I TRIED hard to ignore it last Thursday but I just couldn't. Football is about as interesting to me as watching a bunch of shrieking men wearing silly face paint, watching other men running around with a small ball.

But I got drawn in to the hysteria of it all. I felt an adrenaline surge at 7.50pm as I heard the roaring cheers from a nearby pub during my cycle ride home from work. I had decided to assiduously avoid any human contact for the next two hours so I wouldn't be drawn into mindless statements on the greatest of Wayne-who-he?

But as I passed a heaving pub during half time, I felt the alcohol-laced lure of the mob. Perhaps I was feeling the loneliness of the outsider but it suddenly seemed important to know who was winning, if only to prepare myself for endless smugness and match analysis if England were to win.

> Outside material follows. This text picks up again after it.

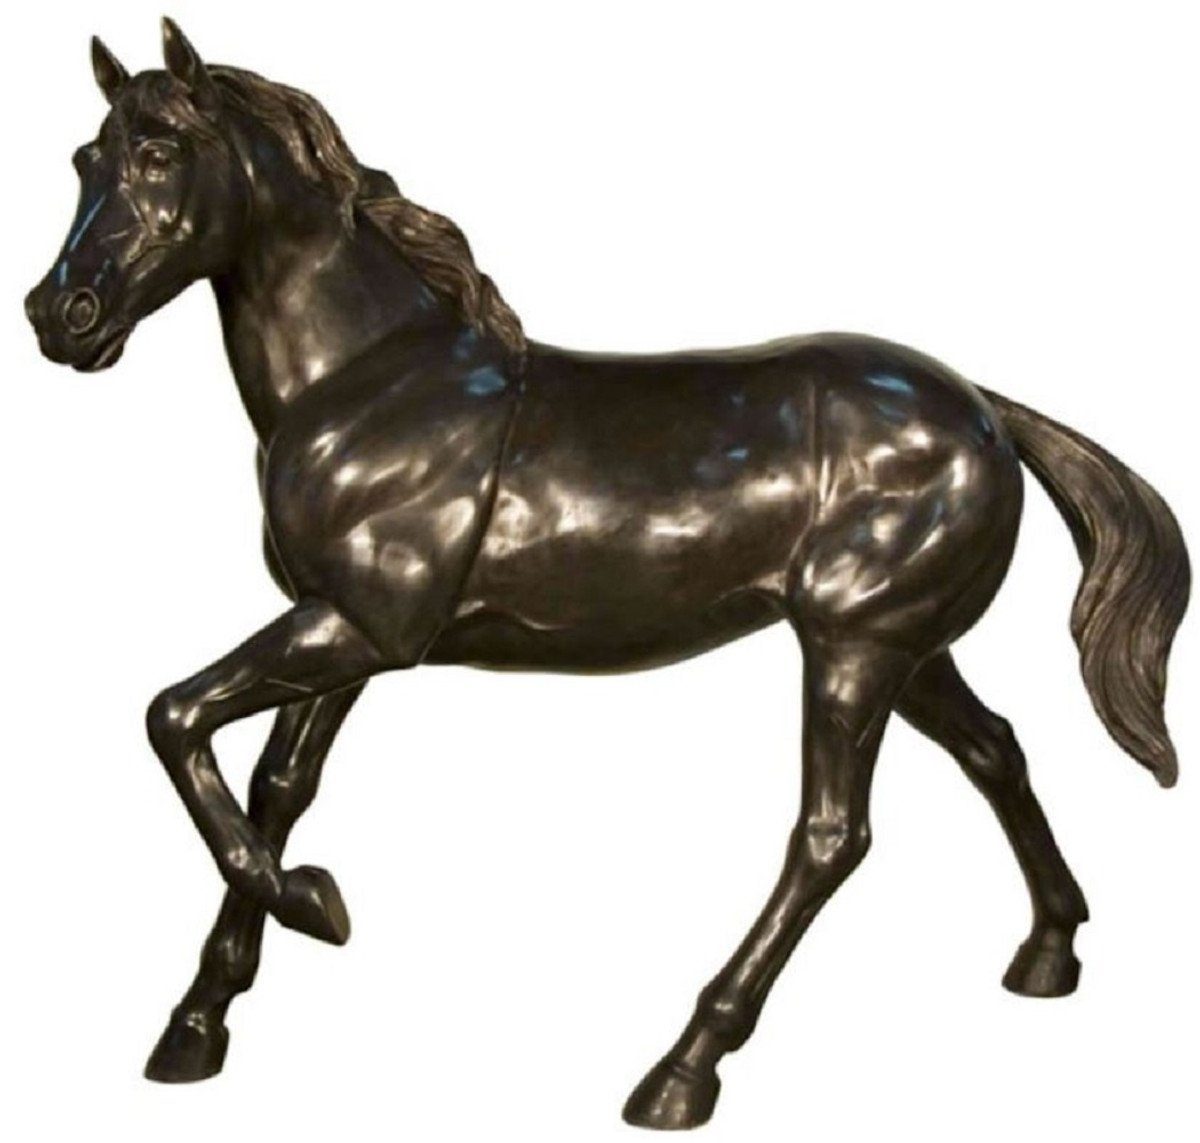 Garten Luxus Bronze Deko 64 Skulptur XXL Padrino - Deko Riesiege Bronze H. XXL 157 cm Casa - Figur - Garten Pferd x - - Bronze Skulptur Lebensgroße 188 Skulptur Luxus Tierfigur x Skulptur
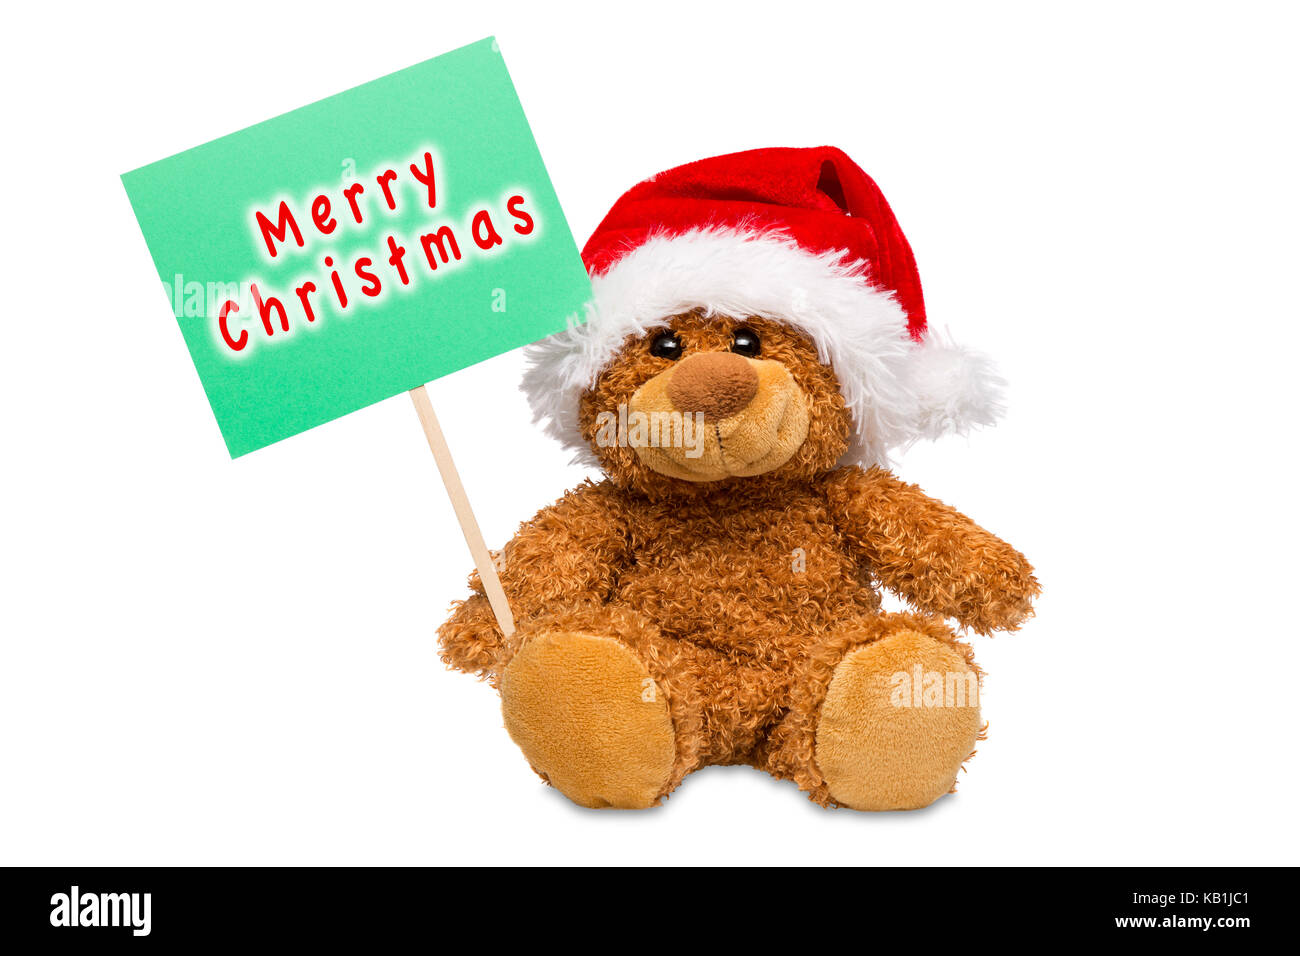 Un orsacchiotto di peluche che indossa un cappello da Babbo Natale tenendo un cartello con scritto buon natale scritto su di esso, isolata su uno sfondo bianco. Foto Stock

I peered into a pub and beckoned to a friendly looking man with a number nine Rooney strip. Who's winning? I asked tentatively, and wished I hadn't the minute he began his blow by blow account of the match so far.

Another few miles and I was still trying to shrug off the mounting tension as I saw the crowds watching on wide-screen, chatting and cheering good-naturedly to strangers and friends. If you forgot it was the football uniting them, it felt pleasant, like a street carnival.

Even my mum had relented and was pasted to the screen in the front room when I got home. She still hadn't figured out which colour England were wearing but she had got sucked into watching, like any other self-respecting football hater.

As the temperature of the nation shot up during the penalty shoot out, I stubbornly switched over to Big Brother, though I have to admit to taking sneaky peaks every few minutes, emotionally confused in my intermingled viewing of Victor's outburst over the weekly shopping list crossed with Beckham's missed penalty kick.

I am reluctant to admit it but I was actually rooting for Portugal. Perhaps this makes me the second most hated figure in England next to the Swiss referee who disallowed that last minute goal, but I just thought it would be nice for the host country to win. And, more selfishly, I wanted football to go away and perhaps if England lost, we could stop being obsessed by it.

But in spite of having rooting for the other team, and in spite of hating the beautiful game, I did feel a certain disappointment when I woke up the following morning. The strange, unifying feeling of national hope and optimism had dissipated and people in supermarkets and bus queues returned to being miserable and ignoring each other.

Sad that a sporting event is the only thing that draws us together these days and shame that it had to end so soon.